In its simplest form, given an isolated system $\Delta S \ge 0$ means that starting from equilibrium and ending in equilibrium you remove internal constraints within the system. These constraints initially keep the system in equilibrium then by removing the constraint you initiate an internal equilibration process and when it stops you compare the total final to the total initial entropy. An example is an adiabatic rigid impregnable/impenetrable wall separating two parts of a gaseous fluid isolated from the outside. Both parts are in equilibrium separately maintained by the isolating wall between them, but upon removing the wall you let the parts settle, molecules diffuse, achieve common temperature and pressure, etc., and there will be a new total entropy that is larger (or equal) than the sum of the entropies in the separate subsystems at start.

Answer 3

Entropy is not derived from the Clausius Inequality. The Clausius Inequality is just a tool we have for establishing an upper bound to the entropy change of a closed system experiencing a thermodynamic process between two thermodynamic equilibrium states.

In my judgment, a more useful version of the Clausius Inequality, applicable to a closed system, (no mass entering or exiting the system) is $$\Delta S\geq\int{\frac{dQ_{Interface}}{T_{Interface}}}$$where $dQ_{Interface}$ is a differential amount of heat flow passing across the interface (boundary) between the system and its surroundings during the process and $T_{Interface}$ is the absolute temperature at the interface through which $dQ_{Interface}$ flows at the time that $dQ_{Interface}$ enters the system. The equal sign applies if the process takes place reversibly, and the > sign applies if the process takes place irreversibly. For an adiabatic process, for which no heat flow is allowed ($dQ_{Interface}=0$) and for which $\int{\frac{dQ_{Interface}}{T_{Interface}}}=0$ (irrespective of the temperature at the interface, the inequality reduces to $\Delta S\geq0$. For an isolated system which, of course, is adiabatic, we have no control over any internal processes that are occurring (such that they all must be irreversible), we must have $\Delta S>0$.

Answer 4

Your "I know" is not correct. The Clausius theorem does not define entropy or concern entropy directly; it states that this integral over one cycle of any cyclic process, including those that may not be representable using equilibrium states at all, is lower or equal to zero:

$$ \int_{cycle} \frac{dQ}{T_r} \leq 0, $$

where $dQ$ is heat accepted by the system from the surroundings during infinitesimal displacement in the cycle and $T_r$ is temperature of the surroundings. In words, sum of reduced heats in a cyclic process can't be positive. Reduced heat transferred over boundary with temperature $T_r$ is defined by the ratio $Q/T_r$.
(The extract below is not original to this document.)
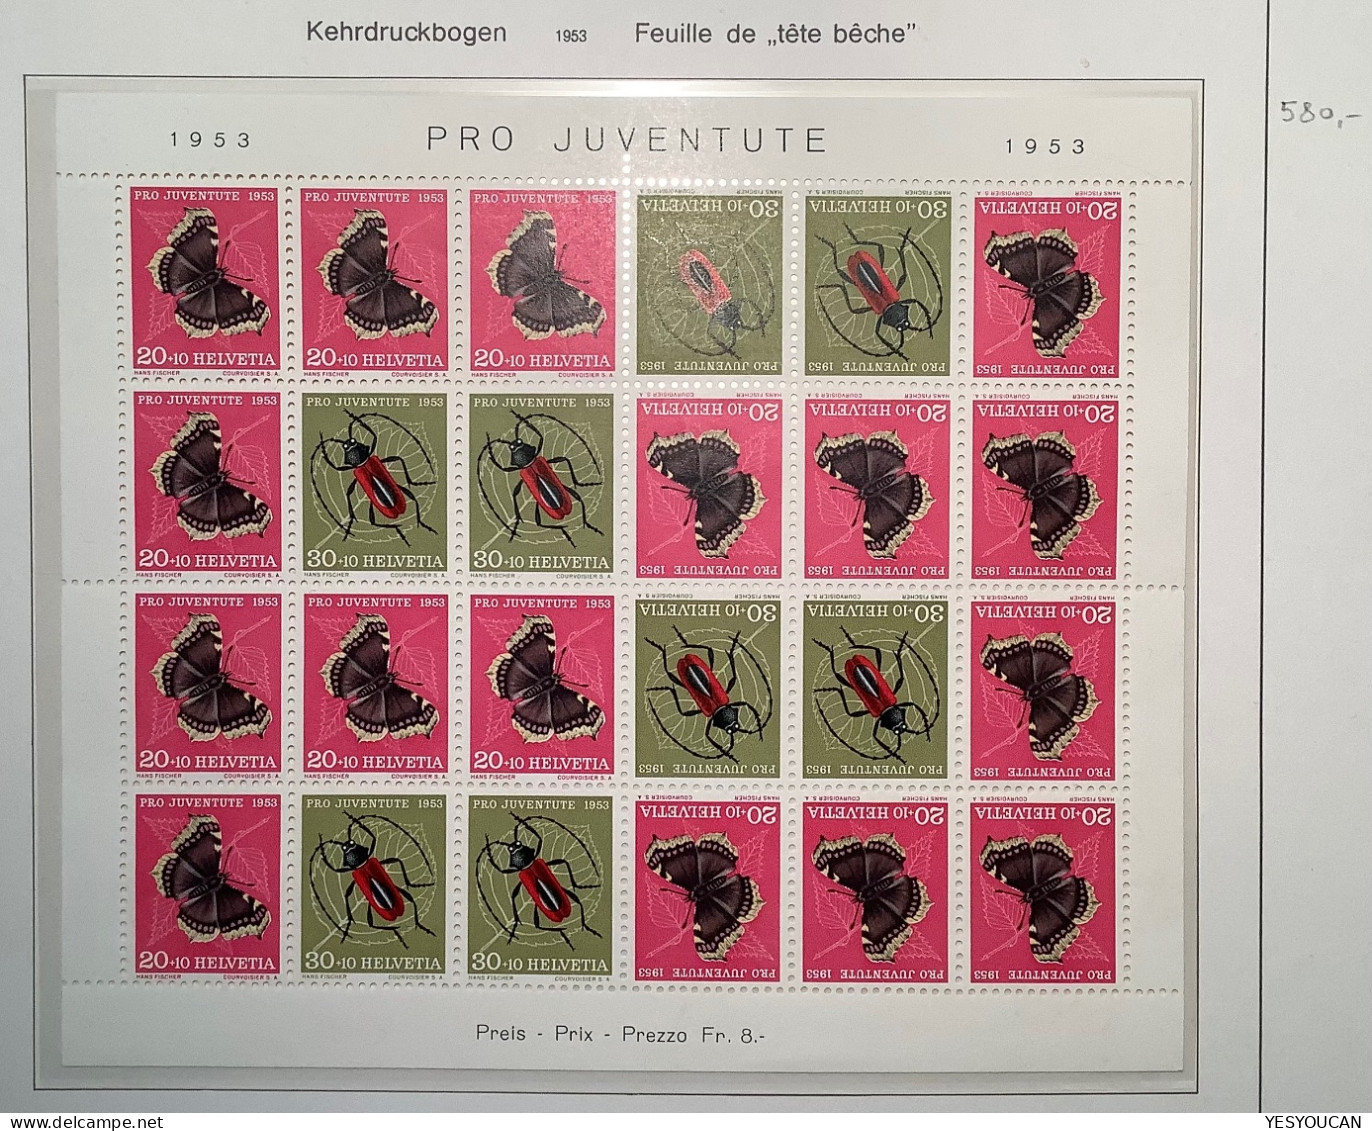 Pro Juventute 1953 ZNr JOZ41 MNH**Kehrdruckbogen (S/S Schweiz Feuille Tête-bêche Papillon Insecte Insect Butterfly Sheet - Nuevos

If surroundings do not have single temperature, or do not have temperature at all, and heat is transferred, the theorem is not applicable.
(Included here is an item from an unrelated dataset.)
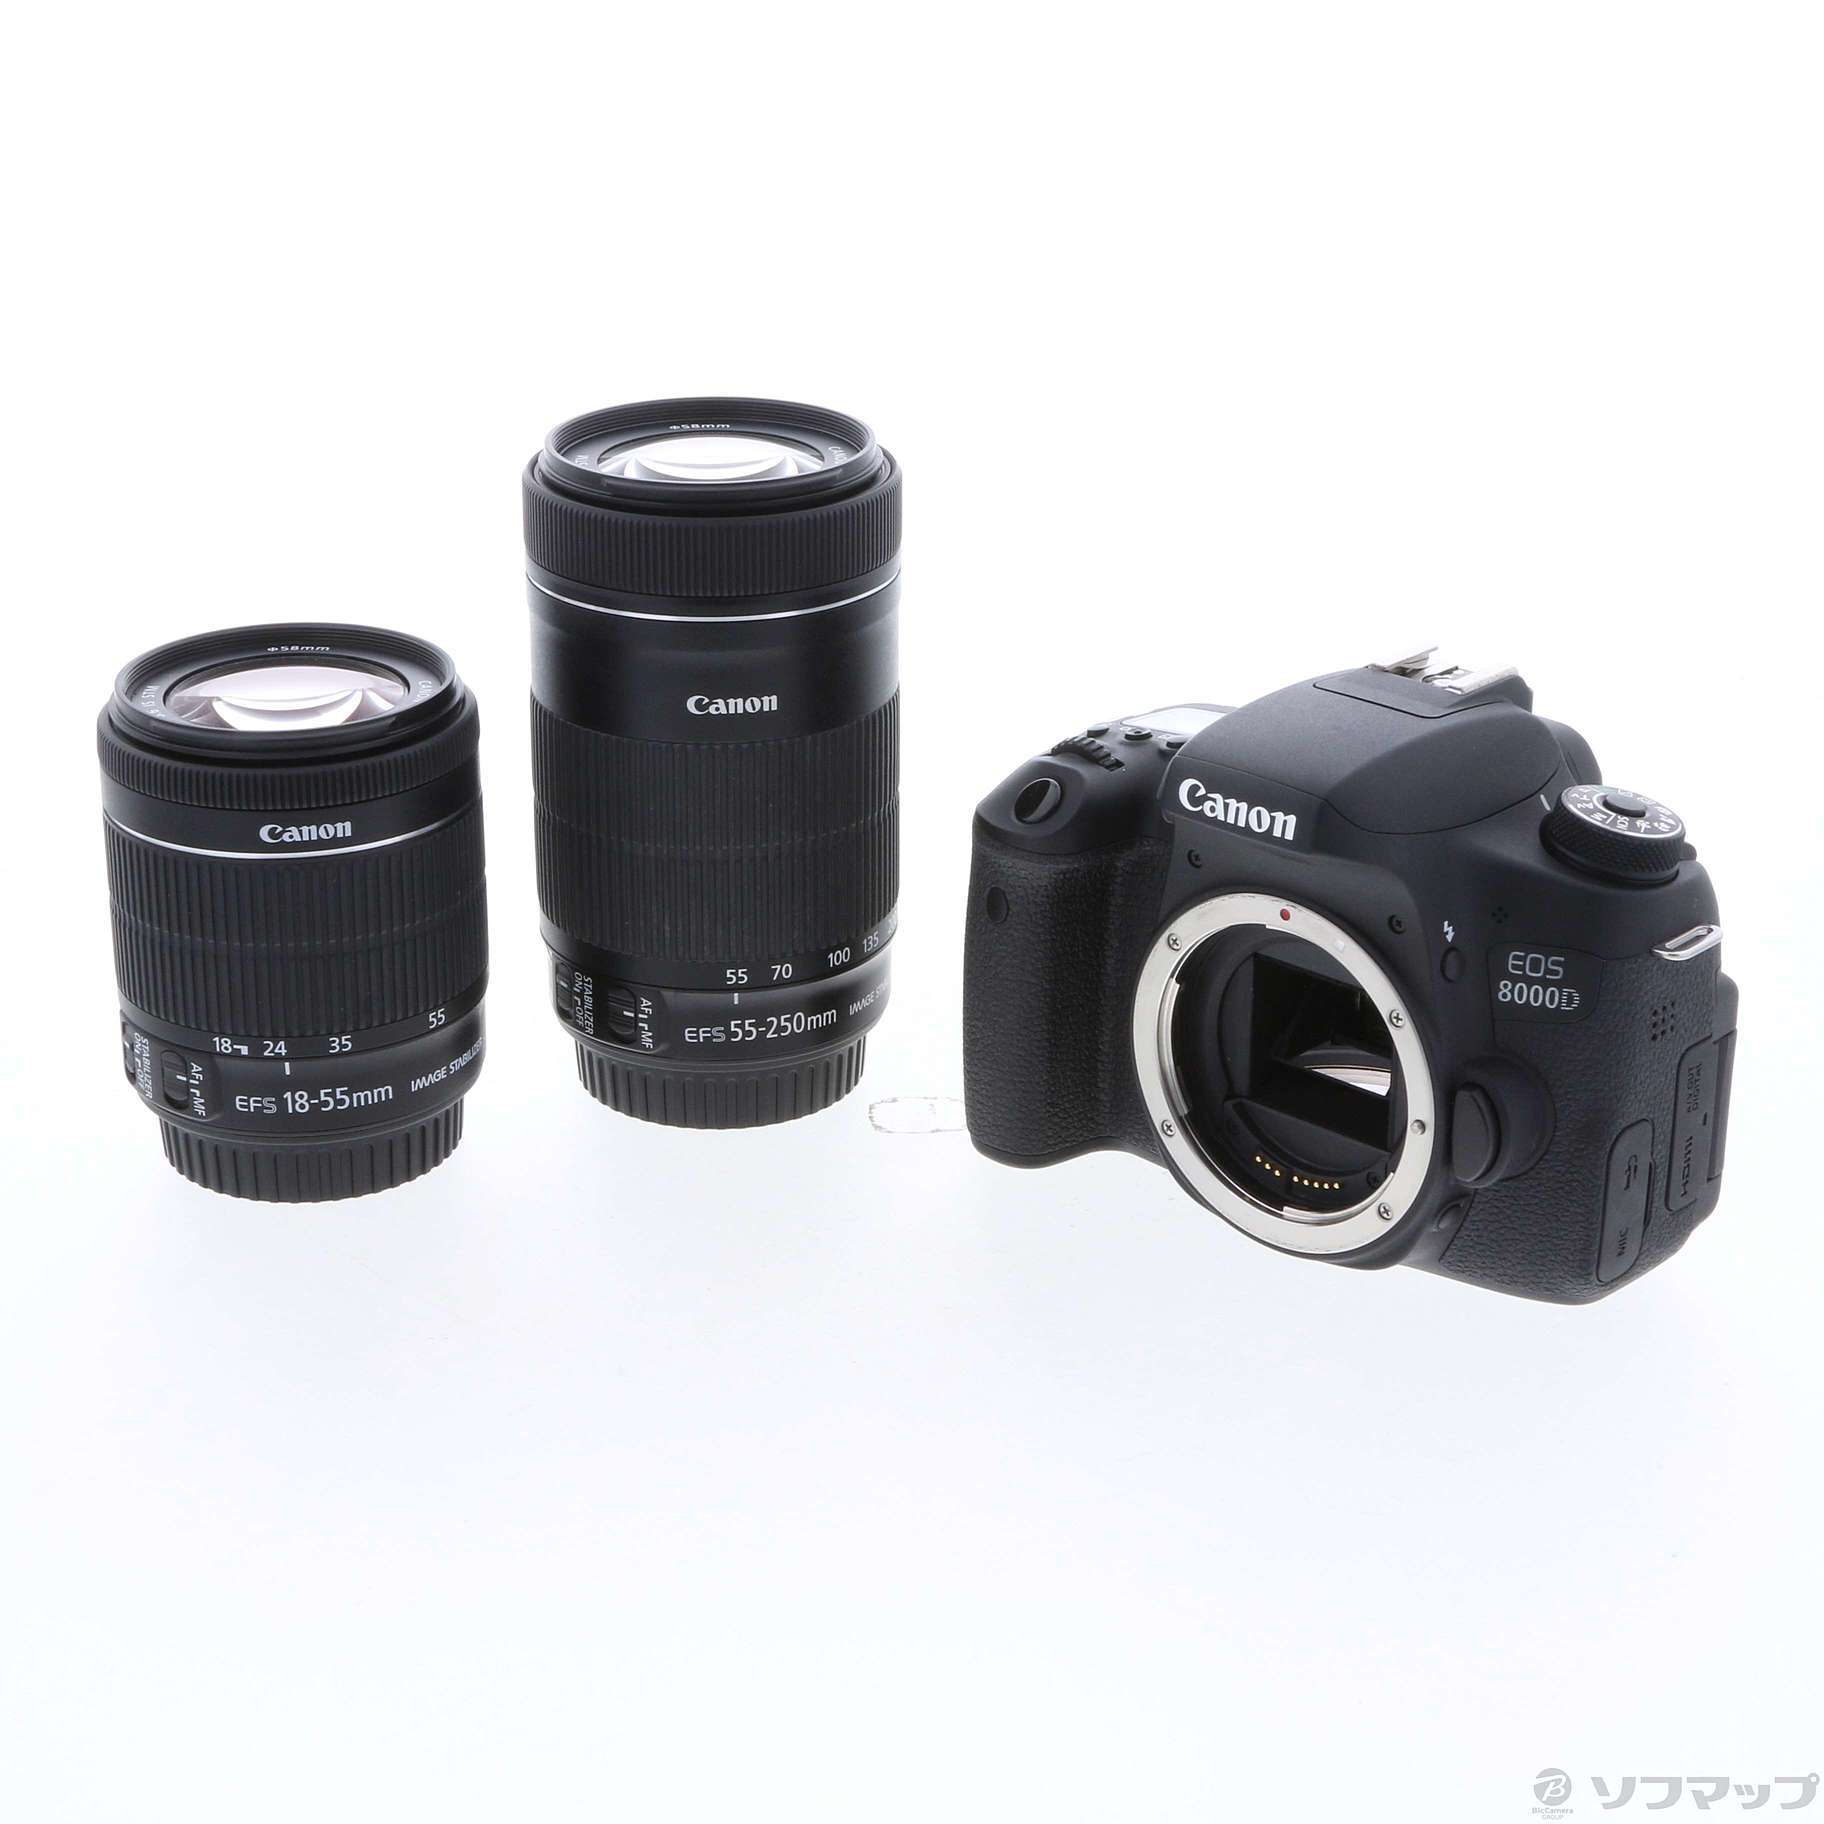 Canon EOS 8000D (W) ダブルズームキット - www.sorbillomenu.com

The law of non-decrease of entropy of an adiabatically isolated system (work can be exchanged), often written as

$$ \Delta S \geq 0 $$ is about a different situation. We have a system that does not exchange heat, but can exchange work. And we do not consider cyclic process, but any process satisfying the condition that no heat is transferred. Then change of entropy of the system cannot be negative.

These two things are connected, but they do not directly follow from each other. One first has to define entropy of any equilibrium state $\mathbf X$ (shorthand for array $(X_1,...X_k)$ of state variables) as the integral in the space of equilibrium states

$$ S(\mathbf X) = \int_{\gamma(\mathbf X_0,\mathbf X)} \frac{dQ}{T} $$

where:

• $\gamma(\mathbf X_0,\mathbf X)$ is any curve joining the two states $\mathbf X_0 , \mathbf X$;

• $dQ = dU-dW$, where work $dW$ is expression of the form $\sum_k -F_k(\mathbf X)dX_k$, where $U$ and all $X_k$ are equilibrium state parameters and $F_k$ are those functions of $\mathbf X$ that lead to correct expression for infinitesimal work $dW$ for that system;

• $T$ is absolute temperature of the system, a function of state $\mathbf X$.

Since in the definition, we integrate over equilibrium states, the curve can be made a part of reversible cycle, for which the Clausius integral is zero. This proves the definition is unique and does not depend on the choice of the curve $\gamma$, only on the endpoints.

Then one can show that for this definition of $S$, if the adiabatic process starts and ends in an equilibrium state, then $\Delta S \geq 0$.